時間は寸刻——それでも空気は別物になった。
「いいえ、逆です。白鳥はむしろ、救いに見せかけた罰です」
声はやわらかいのに、言葉は澄んだ刃のようだった。
「この童話からはたびたび『外見で判断しない』『自分の可能性を信じる』といった教訓が取り出されます。でも、アヒルの子を苦しめたのはそもそも美醜という物差しでした。白鳥になった彼は、自分の美しさを祝ってしまう。つまり、その物差しに回収されてしまうんです」
「さらにたちが悪いのは、この童話に対する『アヒルの子にはアヒルの子の美しさがあるはずだ』という類の批判です。どうして価値を、また美で測るのか」
「白鳥の美は、価値を測る物差しそのものさえ支配してしまったんです」
◇
——では、先生にとっての救いとは?
「見方の改造です。形を美化するのではなく、物差しを一本折ること」
彼女はテーブルの縁を指で軽く叩く。乾いた音がひとつ跳ね、私の胸骨に届く。
「みにくいアヒルの子が勝ち取ったのは単なる美しさじゃない、物差しの支配権です。『外見で判断しない』『内面の美しさ』『誰にも美しさがある』という台詞でさえ、まだ美の物差しの外に出ない。だから私は、白鳥といっしょに、この物差しを殺したかった」
——そこまで思い詰めるきっかけは?
「標本室です」
意外な答えに、ペン先が空白の上で止まった。
「子どものころ、博物館の小さな標本室が好きでした。ガラスの箱の中、白鳥は細い針金で脚を通され、学名の札で固定されている。誰が見ても美しい白に見える角度で。……帰り道、川面には札も針金もない、ただの風紋だけが揺れていた。あれを描きたいと思った。白鳥を描くかわりに、白鳥を留めている仕組みを外したかったんです」
——札や針金を外すことが創作の中心に。
「ええ。三部作は、その実験です。『飛翔』は、鳥の絵に見えて鳥を描いていません。泥の跳ね、逃げる足の蒸気、追う影だけ。だれも救われていない構図のまま」
「『翔貴』は、白に近い灰だけで世界を詰まらせ、雪の重さで構図ごと沈める。亜鉛華とチタン白を重ねて、祝福の言葉が届かない厚みを作った」
「『貴胄』は、池の鏡——映ることそのものの暴力です。鏡はやさしく見えて、輪郭を固定する道具ですから。ハイライトを一本ずらすだけで、自己像が監視に変わることを、絵肌で示したかった」
◇
——次に向かう場所は。
「抜標」
彼女はスッと立ち上がり、奥の布をするりと外す。
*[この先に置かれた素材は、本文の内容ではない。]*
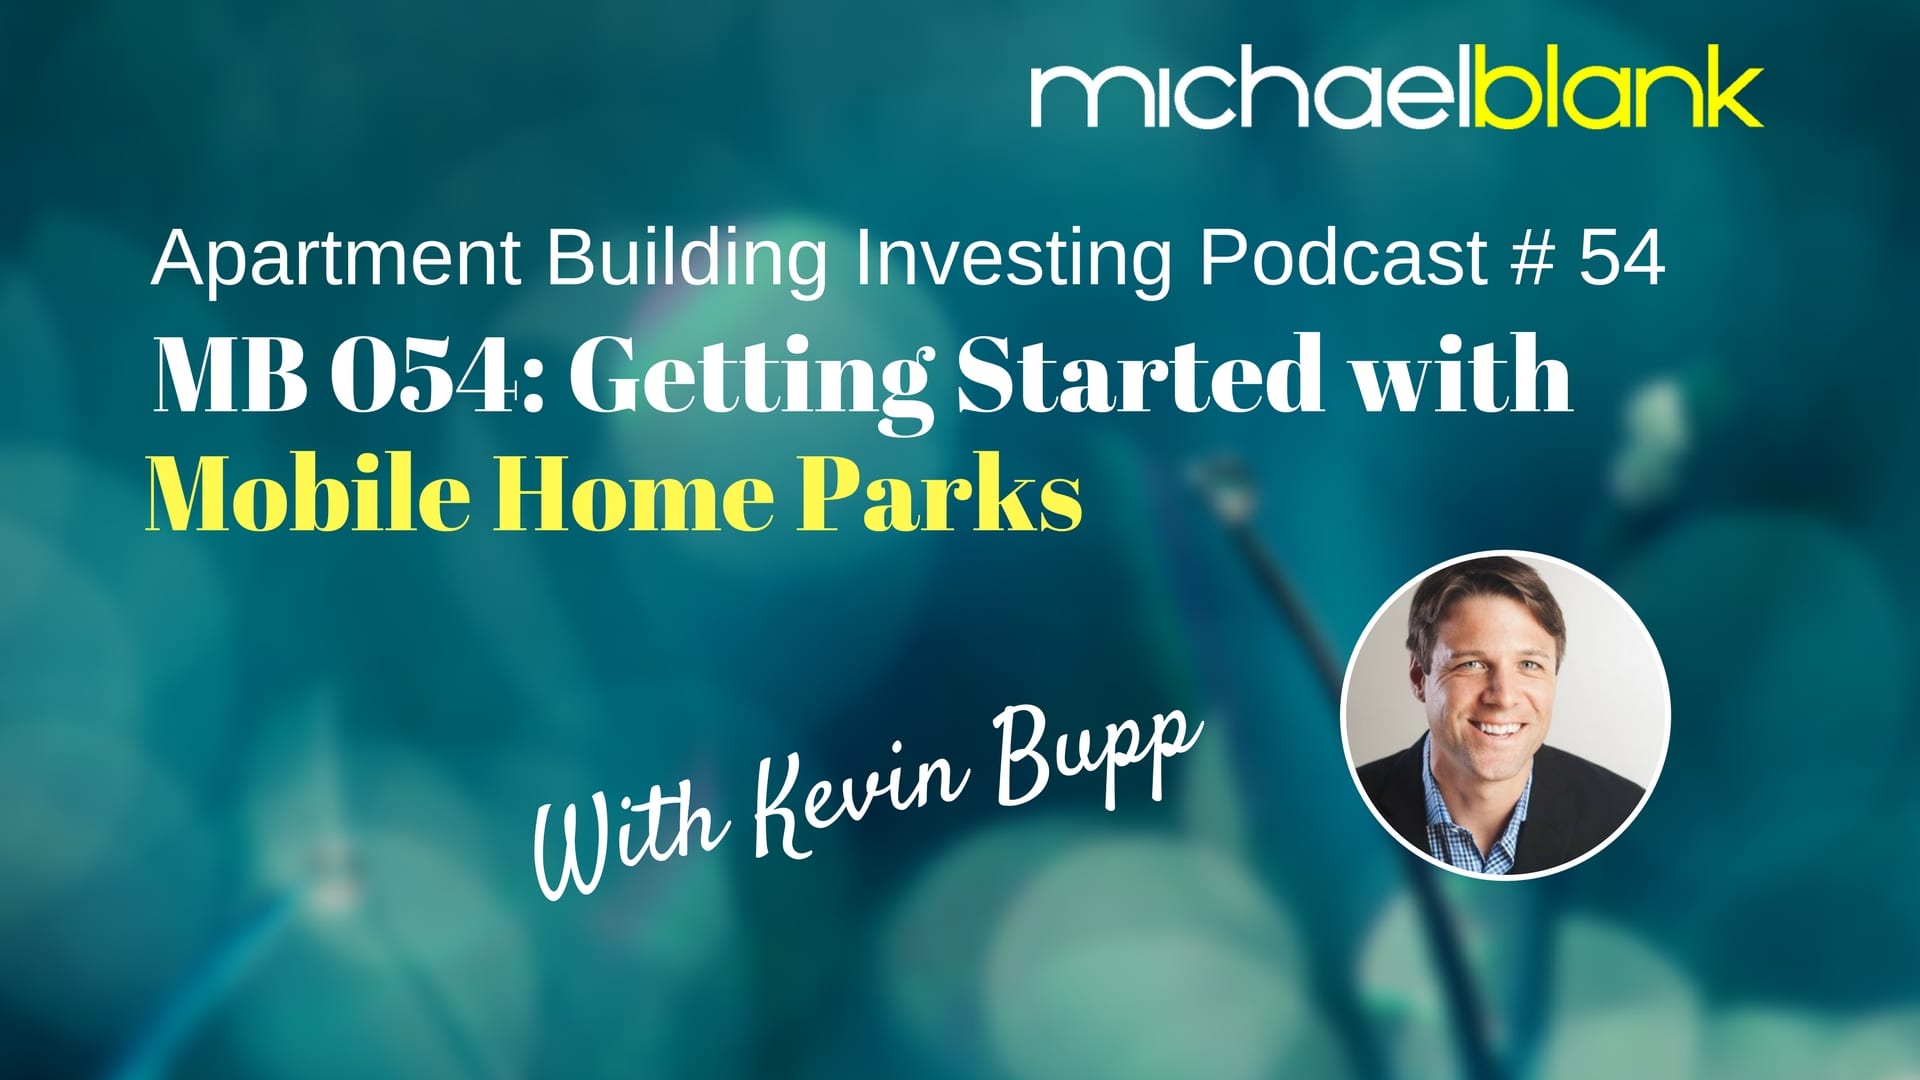 MB 054: Getting Started with Mobile Home Parks – With Kevin Bupp

キャンバスの上には薄い灰と青が幾層にも重なり、極細の傷がところどころを走っている。
「標本から標を抜く。白鳥はいない。残すのは、札を外した跡、針金の影、ガラスの反射の歪み——物差しが支配を失った場所です。見えているのは、外したあとの風景」
——……静かですね。
「そう。静けさは音楽です。美しさの言い換えじゃない」
画面の端、釘頭の隙間から、鉛筆の淡い曲線がうっすら覗いている。
「下地には一度だけ、白鳥の輪郭を引いてあります。誰かに見せるためではなく、私がそこに囚われていないかを確かめるために」
——出さないと決めるのは、もったいなくは。
「苦しいから価値がある。『見せれば褒められるかもしれないもの』を、見せない訓練です。物語が私を使って形を取り戻そうとしたら、筆でその手をそっと外す」
——それでも読者や観客は救いを求めます。
「求めればいい。ただ、供給はしない。かわりに、見る手つきを渡す」
彼女はグラスの氷を指で転がす。ころり、と澄んだ音が一つ。私の録音機にも、冬の空気にも、同じ波形が刻まれる。
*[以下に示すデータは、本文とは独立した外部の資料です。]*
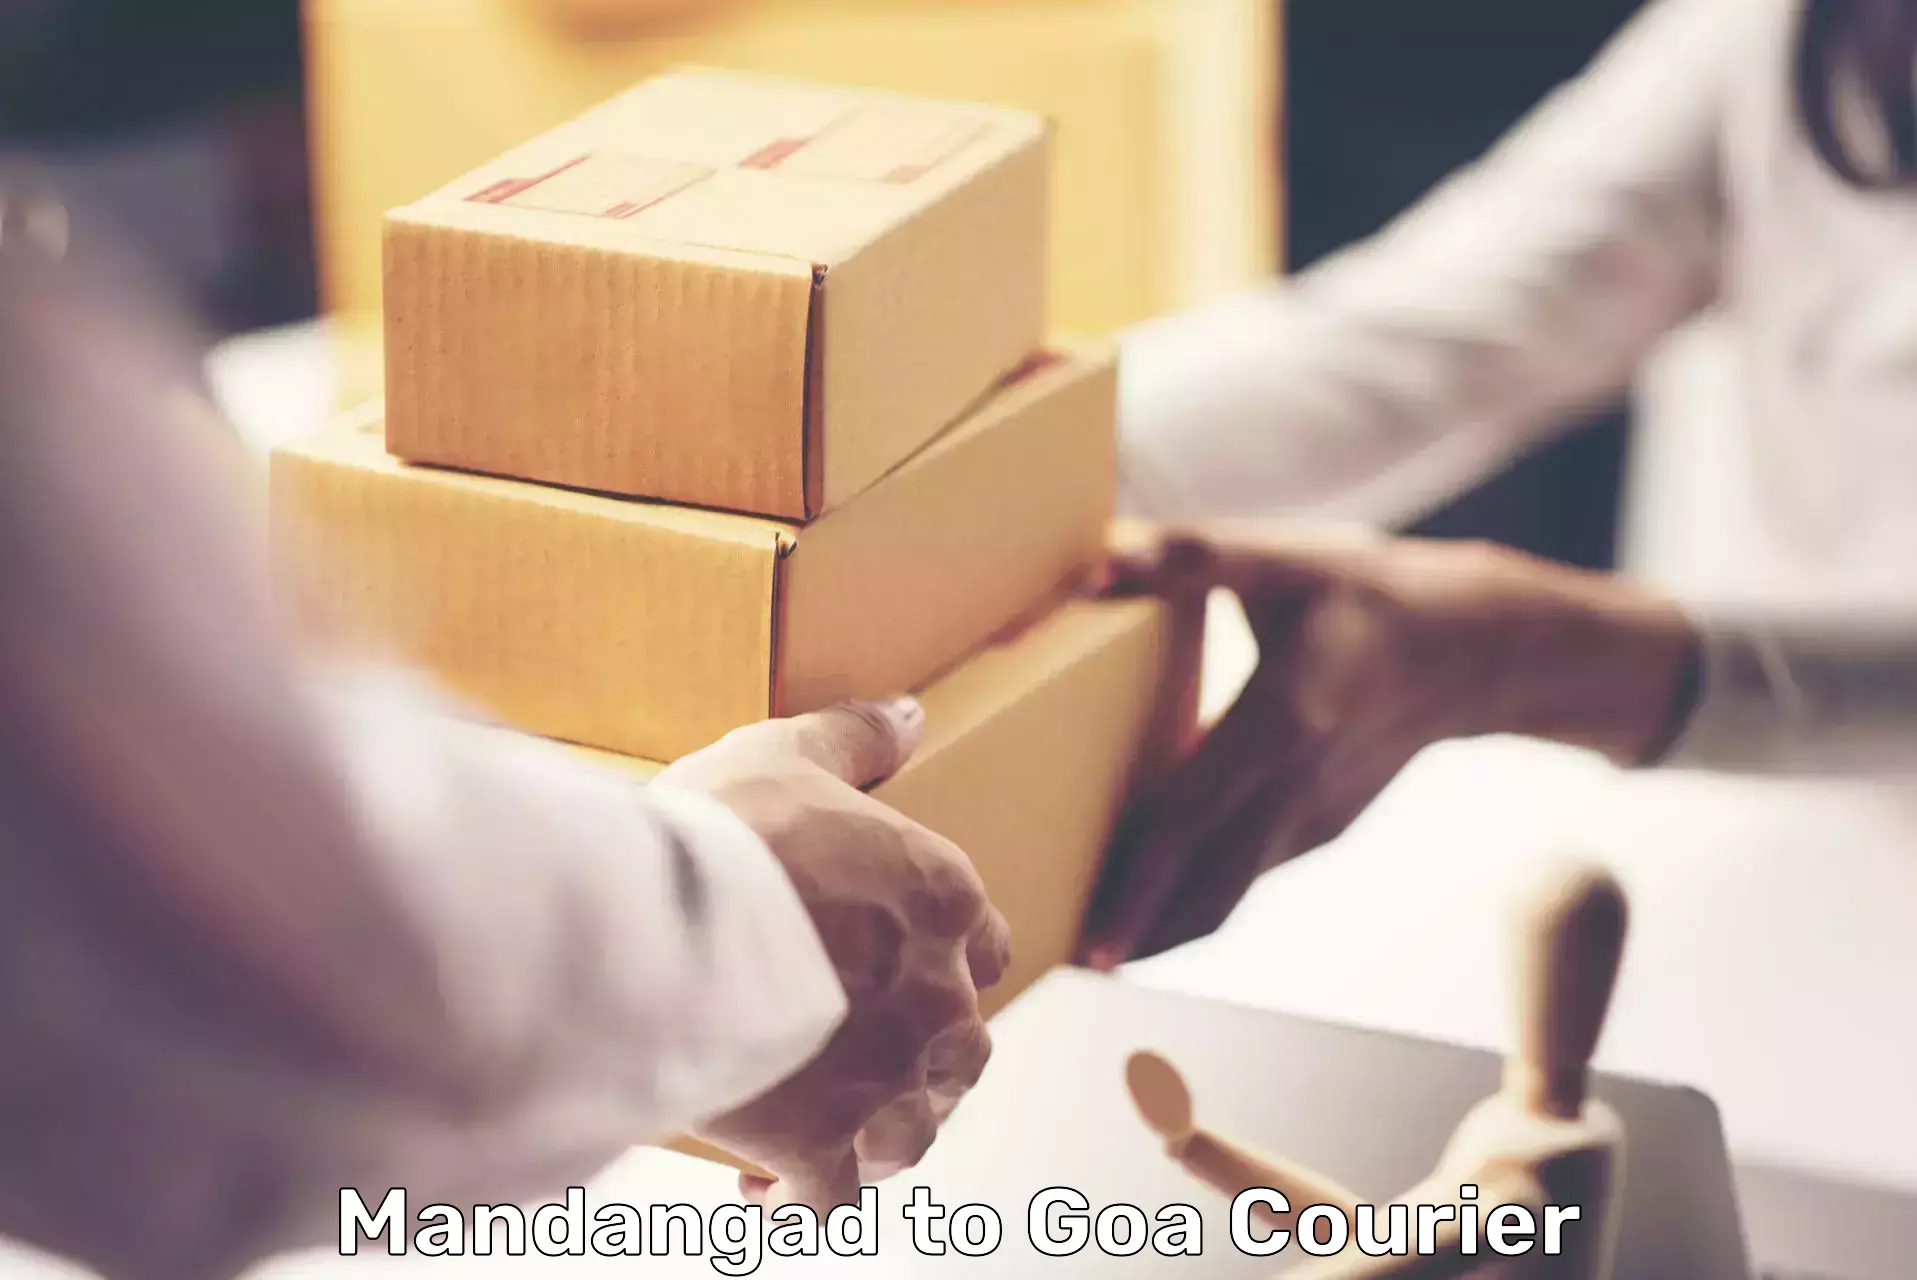 Efficient shipping operations Mandangad to South Goa

「いまの音。美しいと言えば一瞬で消費できる。でも、なんの音かを探す時間は、消費ではなく観察になる。美しい/美しくないの二分法に取り込まれる前の世界。救いがあるとしたら、そこです」
◇
——最後に。先生はいまでも白鳥を殺したいですか。
短い沈黙ののち、彼女はゆっくり首を振った。
「もう、白鳥を殺す必要はない。終わらせたいのは、白鳥の形に世界を合わせてしまう私の視線。それを解体するために、私は描く」
——終わるではなく終わらせる、のですね。
「はい。習慣は自然死しません。手をかけてほどく必要がある」
——解体、とは。
「ほどいて、別の結び方を覚えることです。『価値=美』という結びを解き、『価値=機能』『価値=関係』『価値=時間』……好きに結び直せるように。あなたが口にした美しいという習慣の言葉も、ほどけば、糸はただの糸になります。絡まっていたものは、ほどいた手で結び直せる」
彼女は筆を水に浸し、布で一度だけ水を払った。画面に触れる。細い白が一筋、淡い層の上に置かれ、すぐ周囲へほどけていく。羽でも光でもない、札の跡のような白。
「見出しは、どうせ美少女画家で踊るでしょう。でも、あなたの文で一本でも誰かの物差しが折れるなら、この話は無駄じゃない」
彼女は筆を洗う。その水の中で、白が静かに溶けた。私はメモ帳の端に走らせた線を見つめ、ペンを持ち直す。最初の一行から美しいを外し、代わりにこう書く。
白鳥のいない絵の前で、一本の物差しが折れた。